We’ve recently been working on a very enjoyable project since before Christmas, and it’s just about ready to go to print. I’ve particularly really enjoyed researching and illustrating the special border.

Iron and steel has always been an important industry in the area. Driving to Redcar for the first time took us next to the very heartland of the steelworks, and we saw some pretty amazing views, as this next image shows perfectly.

We were so inspired – this fantastic industrial landscape just had to be incorporated in the mural! After sketching out a number of ideas we came up with the concept of illustrating – the skyline of the industrial landscape.  This meant drawing out the dramatic silhouette of the horizon – but in negative form, to be then cut out of a stainless steel frame.  This means that the steel frame represents the sky above Redcar!

After our first meeting at the new hospital in Redcar we decided to have a look around the region – as we always do with new projects. It’s an invaluable aid to inspiration. First we visited the old, now boarded up, Stead Hospital, and the cemetery nearby to search out gravestones of the original Stead family. I’m not a big one for cemeteries normally, but….  Then on to the seaside! It was here we discovered the stunning coastline backed with dunes – and Coatham Marsh, a 134 acre wetland nature reserve.

Thanks to the web we were able to make contact with Steve Ashton, People and Wildlife Manager for the Tees Valley Wildlife Trust. Working in collaboration with him we were able to discover much more about the plants, animals and birdlife that inhabit the marsh.

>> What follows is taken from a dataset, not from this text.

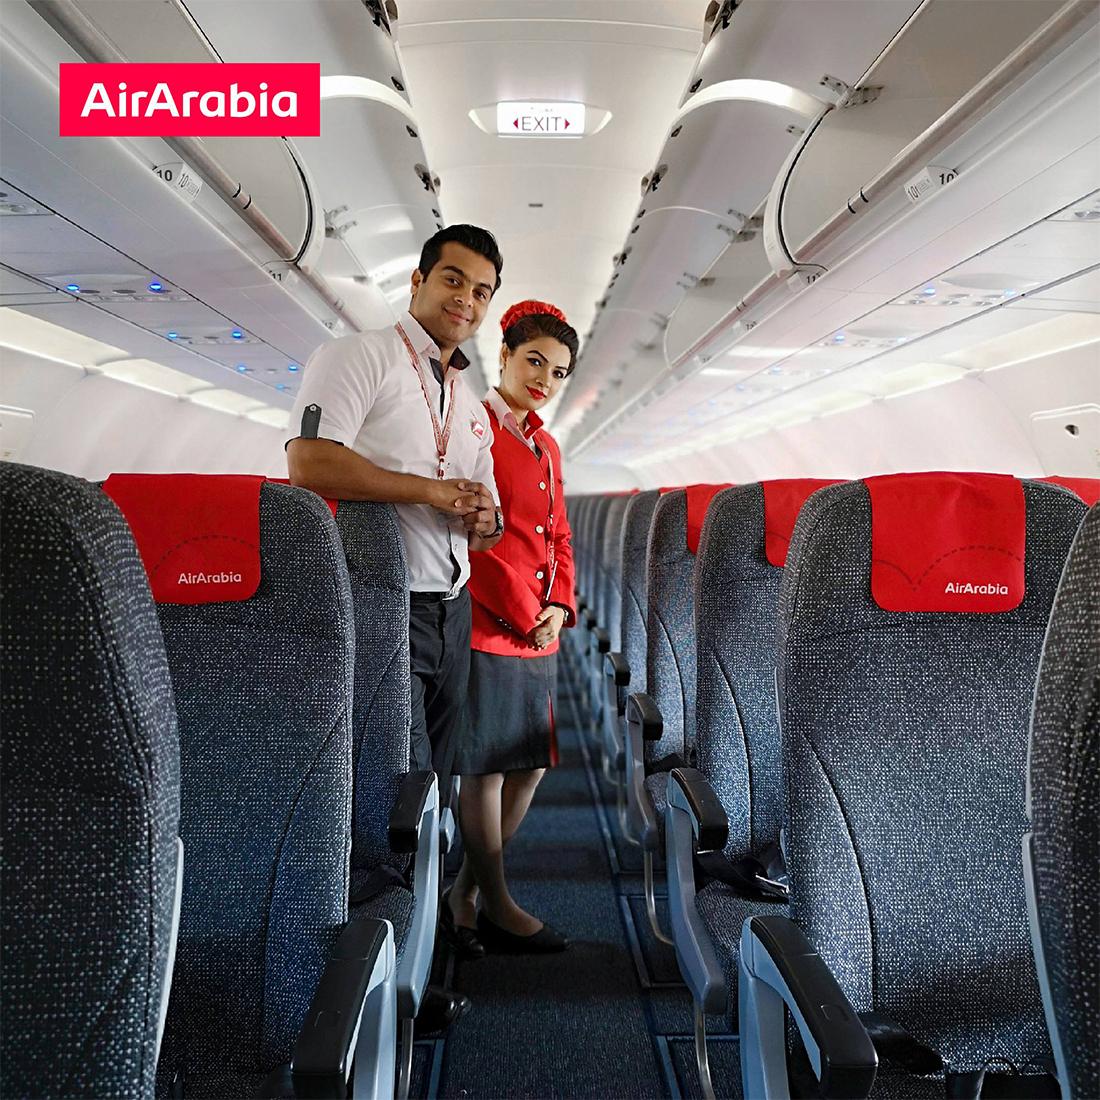 Image-1_AirArabia_1100x1100

I have always been besotted with wildlife in general, and illustrating the border for the bottom of the mural in a way that will engage with children, has been a total joy to work on. I chose to illustrate it in a layered silhouette style; to amalgamate with, but also stand out from, the history information on the mural.

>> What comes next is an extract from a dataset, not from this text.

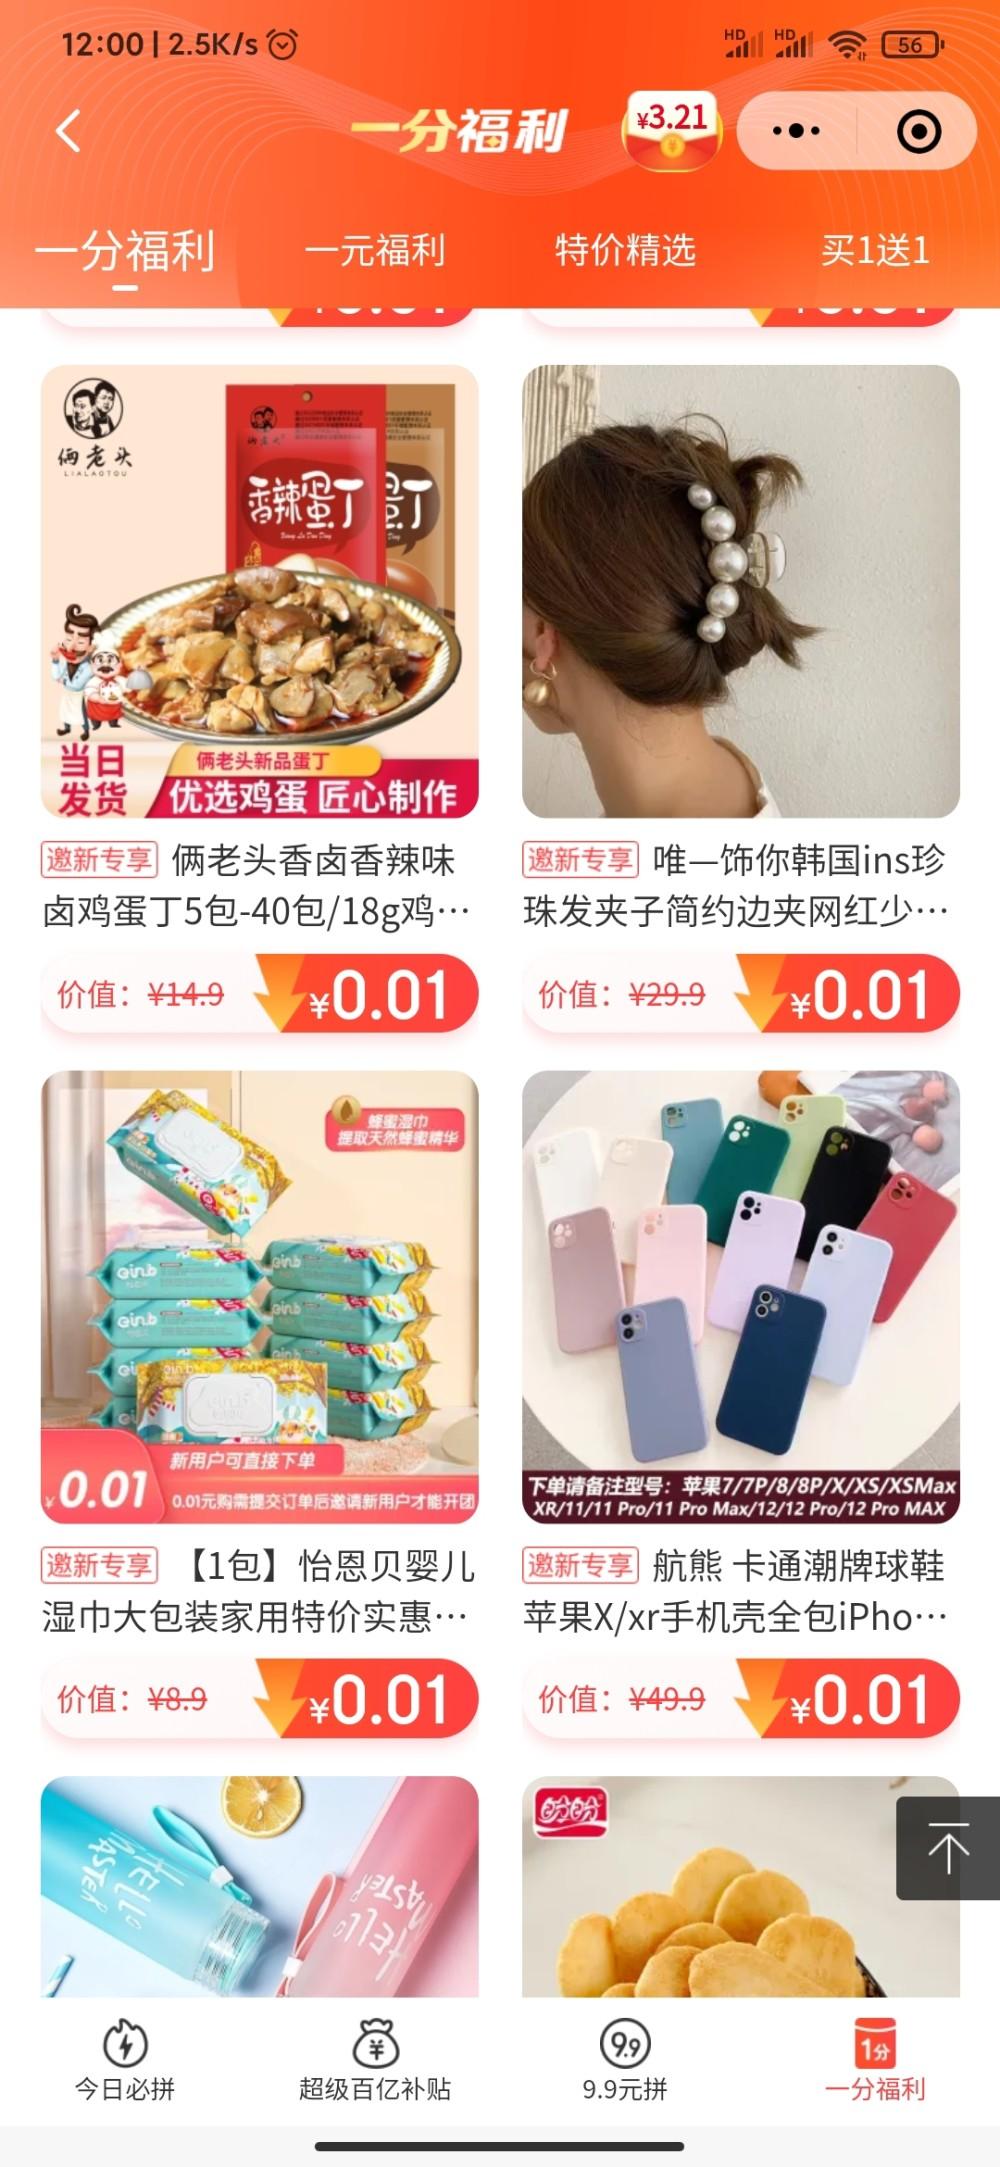 图片[2]-[撸实物]京喜一分购物-飞享资源网

We have also created a ‘Colour Me In’ nature spotting leaflet that works in conjunction with the marsh illustration on the mural. This can be given out by hospital reception staff to keep children amused while visiting the hospital.

Can’t wait to see the finished mural all in place at the hospital with its specially cut out steel frame. We have already had some very good feedback from everyone we have worked with: from Malcolm Brydon, co-ordinator for the project, The League of Friends who have part funded the work, and Steve Ashton from the Tees Valley Wildlife Trust who emailed specially to tell us – ‘Very impressed with what you have done so far.’